Let p be a prime element, with P the associated prime ideal, in a pid R. (Sorry for the overuse of the letter p.) Let S be the integral ring in the field extension E/F. Let Q be a prime ideal in S lying over P. (Technically, we started with Q, then contracted to P.) Note that Q contains the element p, and this will be one of our two generators.
Localize about P, whence QP becomes one of finitely many prime ideals, and SP is a pid. Let w generate QP. There is no harm in clearing the denominator, so that w lies in S. This will become the second generator. If it also generates p, then we don't need p after all.

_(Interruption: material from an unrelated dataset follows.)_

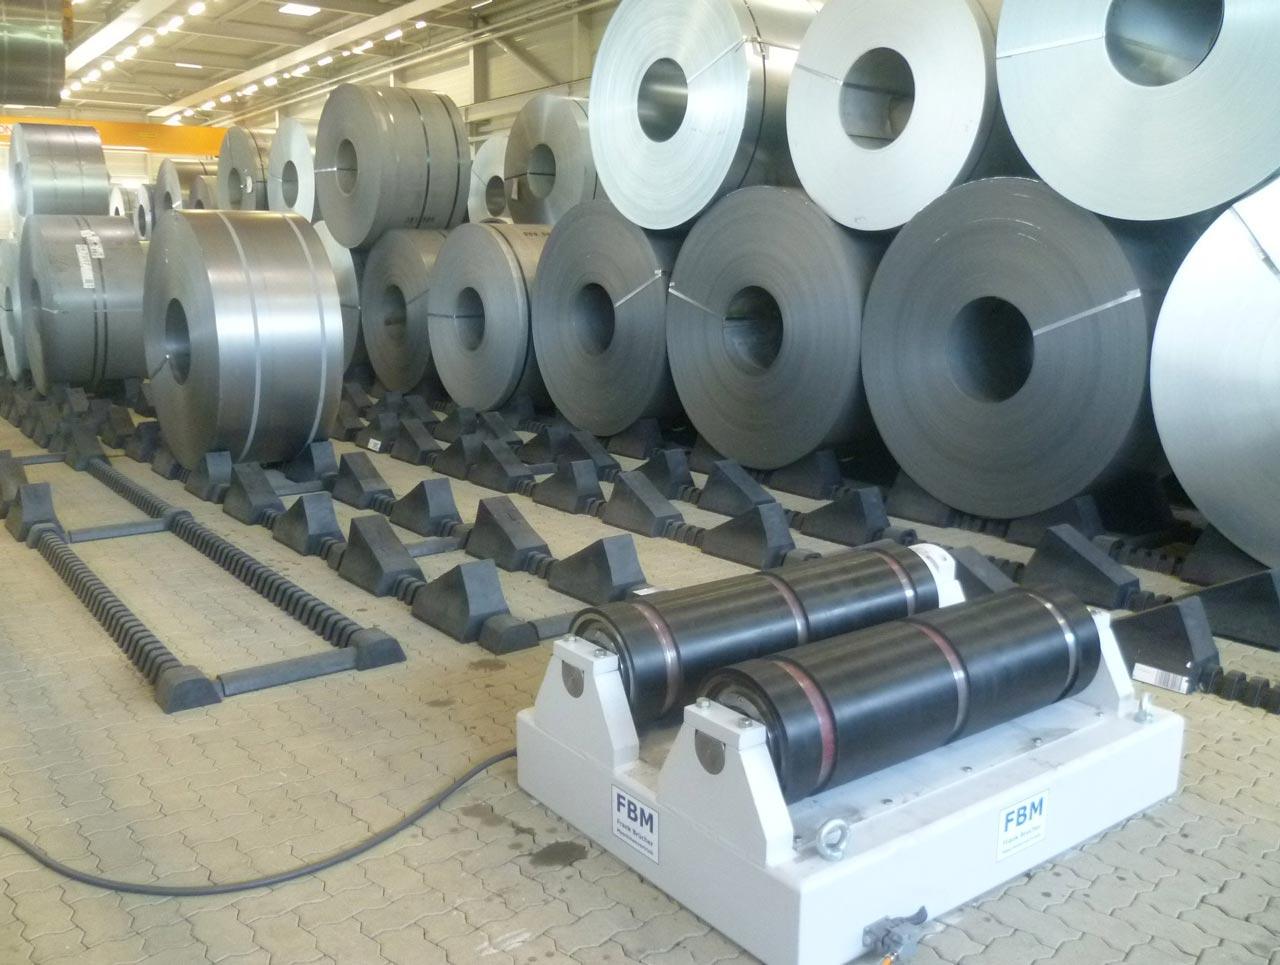 Coilprobenentnahme, coilvorbereitung, coil probe entnehmen, coilwender, coil wenden, coil drehvorrichtung, coil abwickeln, coil prüfen, coil drehen, coilvorbereitungsstation, coil drehstation, coilhandling, blechprobe, coilprobe, cvs, coilbock, coilabrollbock, Probenentnahme

Since Q is the pullback of QP, the elements of Q are the numerators of the elements of QP, which are the numerators for any given denominator, such as 1. This is the contraction of the extension of the principal ideal w*S. Write a/1 = x/b for some x in w*S. Thus Q consists of w*S, and any quotients thereof by elements not divisible by p.
Let w generate g*v, where g is in S and v is in R-P. Thus g lies in Q. If w does not generate g directly, there is more work to do.
Since R is dedekind and P is maximal, choose u in R such that u*v = 1 mod p. That is, uv = 1+px. Multiply u by vg, and then subtract pxg. The result is g, hence w and p span g, and w and p generate Q.